Über Ursachen und den Hergang der Explosionen gibt es nur Vermutungen bzw. Behauptungen. Als Hauptursache wird Unachtsamkeit oder Fehlbedienung bei den Arbeiten mit den Chemikalien in der Gießerei aufgrund Übermüdung oder durch Vorarbeiter bzw. Aufsichtspersonal betriebene Arbeitshetze vermutet aber auch Sabotage durch Häftlinge. Mit der Untersuchung des Explosionsunglücks wurde Generalleutnant Bertram beauftragt. Ergebnisse sind nicht bekannt geworden.

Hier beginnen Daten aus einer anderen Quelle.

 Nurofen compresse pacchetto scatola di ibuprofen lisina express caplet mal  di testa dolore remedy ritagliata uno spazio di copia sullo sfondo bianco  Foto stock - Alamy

Mit dem Wiederaufbau wird mit großer Intensität "schon am nächsten Tag nach dem Löschen des Feuers …" begonnen, wie sich Menasze Hollender erinnert:

"Mit Stöcken und Peitschen in der Hand liefen die jungen SS-Leute auf dem Bau herum … jeder Abmarsch aus diesem Arbeitslager endete mit dem Wegtragen von erschöpften Genossen auf Brettern … Die Wohnbaracken mussten neu aufgebaut werden, die umgestürzten Wände und Dächer schützten uns nicht vor dem kalten Herbst und Regen … (während der) Neubau der Fabrik … schnell vorangekommen (ist)."

Lechjzor Rochmann berichtet dazu:

"Es wurden die Verschütteten geborgen und eine Kommission untersuchte, warum es zur Explosion gekommen war. Aus Berlin kamen 150 neue SS-Leute in das Lager. In brutaler Arbeit, Tag und Nacht, 15 - 16 Stunden ohne Pause wurde eine neue Fabrik errichtet. Wieder geschah alles im Laufschritt, ständig wurden wir mit Gummiknüppeln geschlagen."

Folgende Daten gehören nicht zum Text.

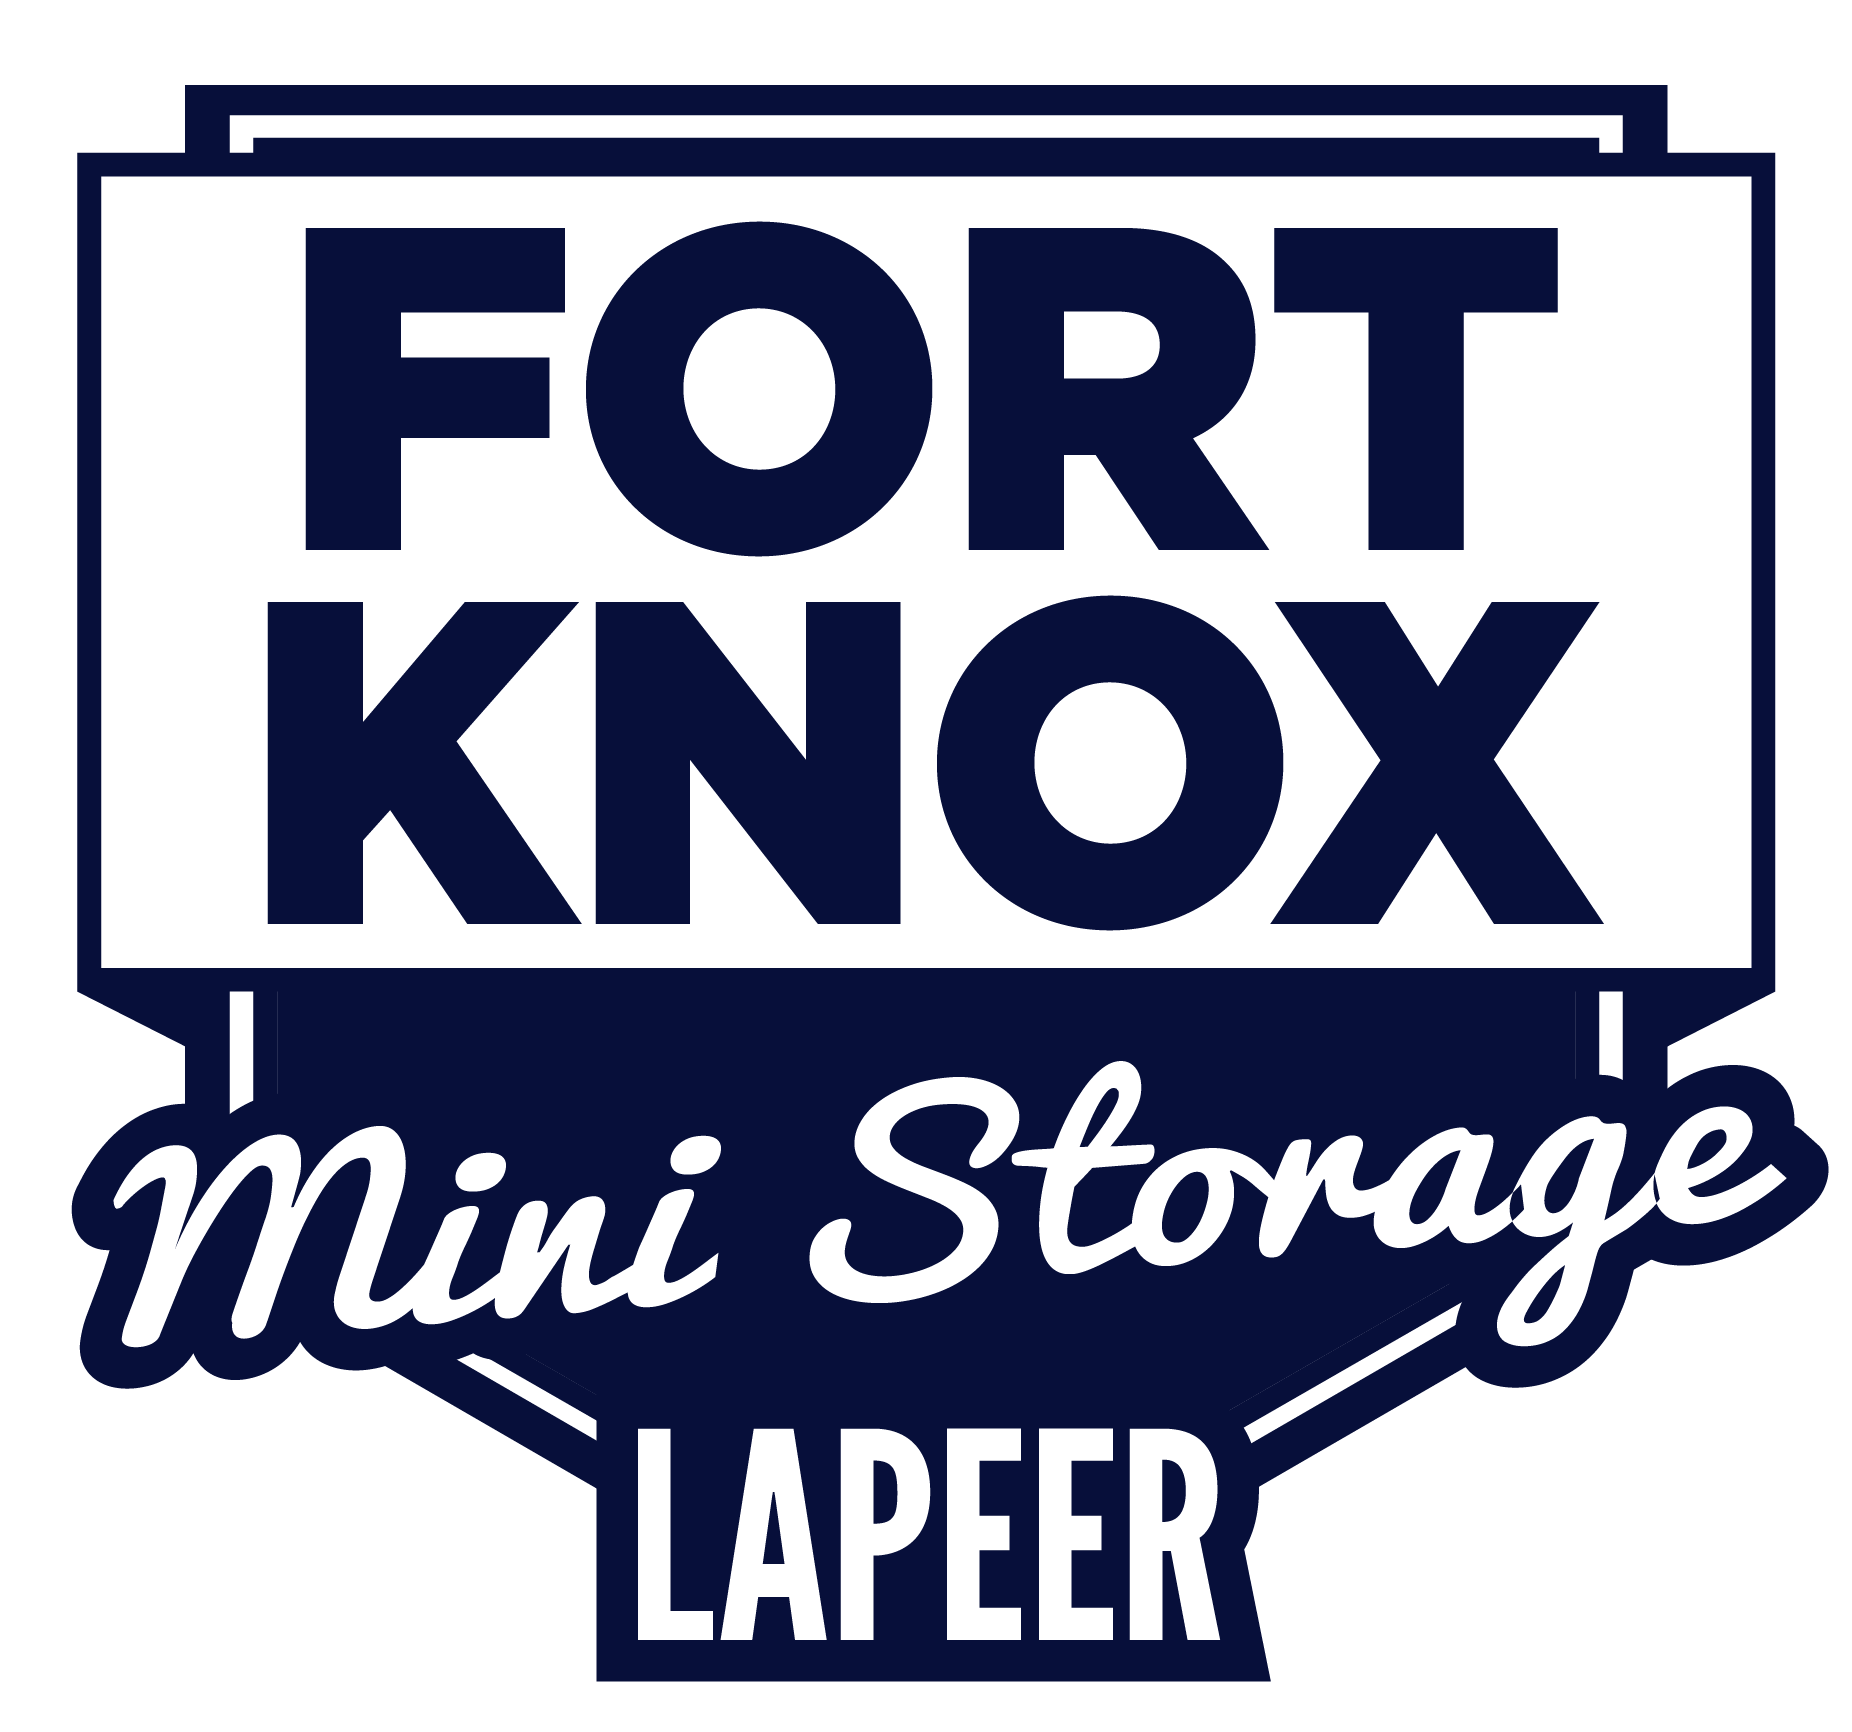 Fort Knox Lapeer

Bereits zwei Tage nach der Explosion werden 226 KZ-Häftlinge, überwiegend Facharbeiter aus Bauberufen, aus dem KZ Buchenwald zum Wiederaufbau zur Verfügung gestellt, die aber am 6.11.1944 fast alle schon wieder nach Buchenwald "rücküberstellt" werden.

Parallel dazu wird die Produktion innerhalb kürzester Zeit wieder aufgenommen, und zwar unter freiem Himmel, wie H. Zeise berichtet:

"Die Produktion wurde bereits nach zwei Tagen im Freien und unter Zelten wieder in Angriff genommen. Es begann eine rege Bautätigkeit im weiter gelegenen Areal. Die Bauten blieben meist unvollendet."

Über eine weitere Explosion, die jedoch zeitlich nicht genau eingeordnet werden kann, berichtete H. Zeise:

"Blindgänger, auch Panzerfäuste, sowie die verschossenen Hülsen sammelte man auf und lagerte sie getrennt im Freien. Durch Unachtsamkeit kamen die Blindgänger zur Explosion, wobei alle 49 Mann des Sammelkommandos den Tod fanden. Es waren Juden aus dem Werks-KZ."